**Collaborative filtering**: Generally, the process of filtering out some data by collaborating data from different data sources/agents. Specifically, this process with regards to building recommendation systems. Making predictions (filtering) by collecting data from lots of different users about their preferences/habits (collaboration).

**Matrix decomposition/factoring**: The process of taking a single matrix, and then expressing it as the product of different matrices. You can think of gradient descent as a way of doing this. For example, if we have a table of data (matrix) that shows {users}x{movies}, and the matrix is filled with the users' scores for those movies, we could have two matrices -- one for movie factors, and one for user factors. We could then set the properties for those two matrices via gradient descent so that their product results (as closely as possible) as the actual scores users gave the movies.
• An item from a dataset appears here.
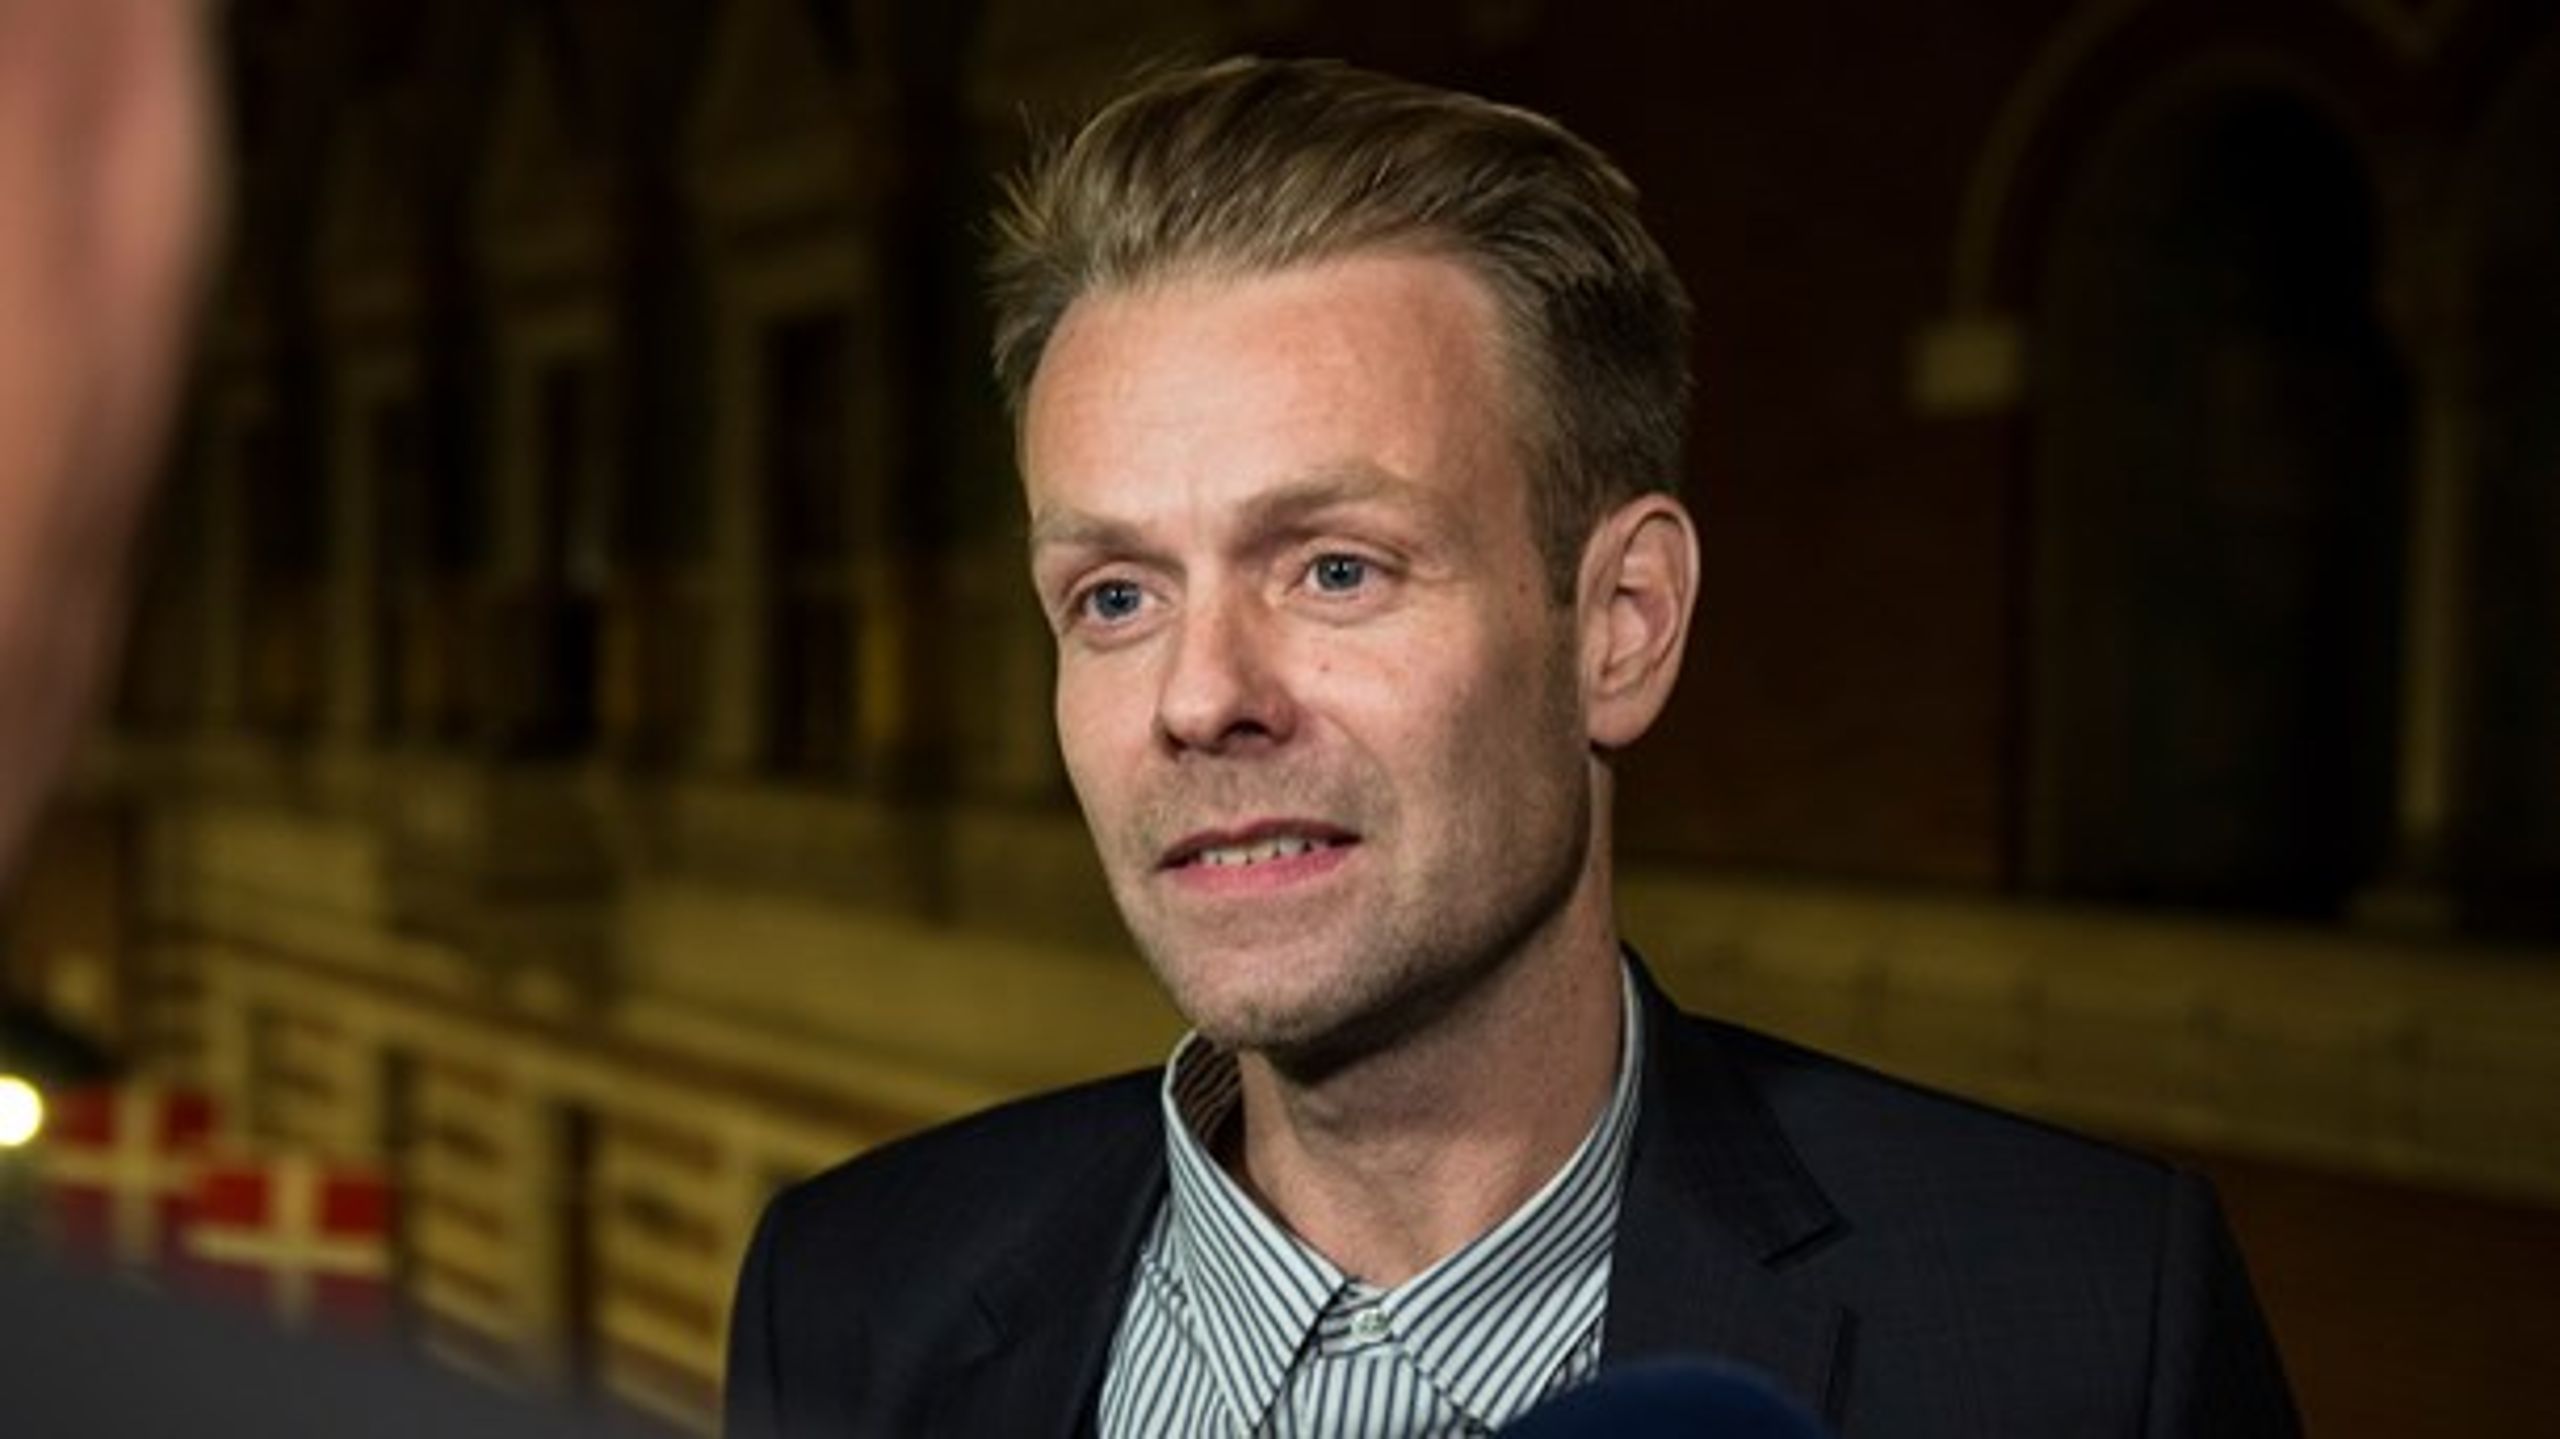 Alternativets spidskandidat, Nico Grünfeld, glædede sig efter valgnattens forhandlinger over, at partiet ser ud til at få nøglerne til Kultur- og Fritidsforvaltningen i København.
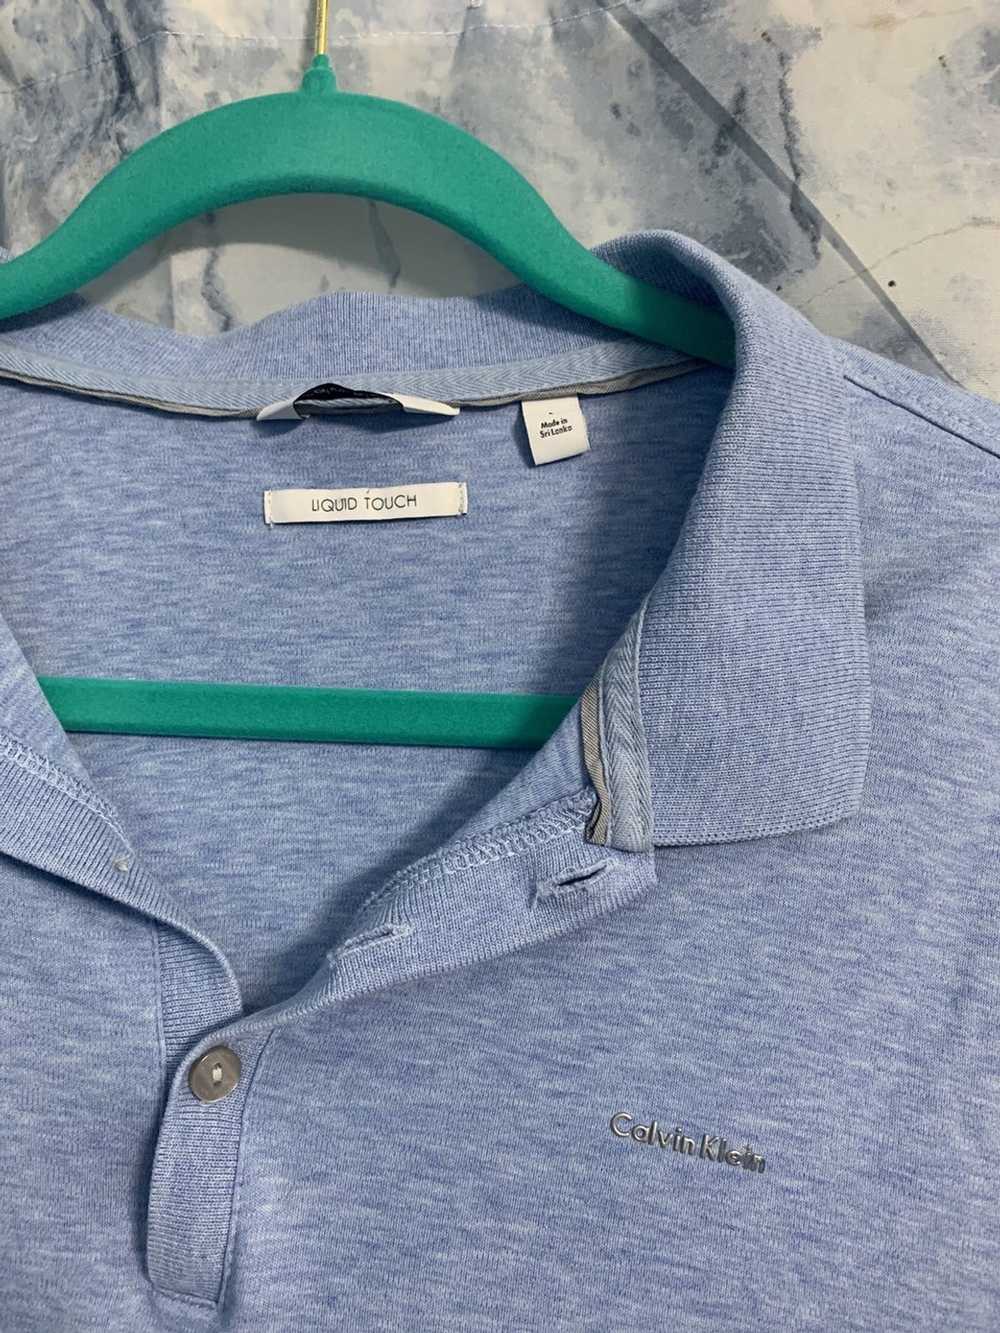 Calvin Klein Polo shirts - image 3

So we have taken the score matrix, and expressed it as the product of the movie factor and user factor matrices. (Actually, our operations are not technically matrix decomposition because we will in 0 values.)

**Observed features/Latent features**: (aka "factors" or "variables") Observed features are the features that are explicitly read into the model. For example, words in a text. Latent features are the "hidden" features -- usually "discovered" by some aggregate of the observed features. For example, the topic of a text. Thinking of the matrix decomposition above, each column for a movie could represent some value -- special effects, year of release, etc. An each row of the user matrix could represent how much they value that feature. Those features, like special effects, etc., would be the latent features. The features that can't be directly observed vs. those that can.

Let's take a look at collab_filter.xlsx as an example:

This whole process could be thought of as *collaborative filtering using matrix decomposition*. (We're breaking our matrix into 2 different matrices and using it to make some predictions).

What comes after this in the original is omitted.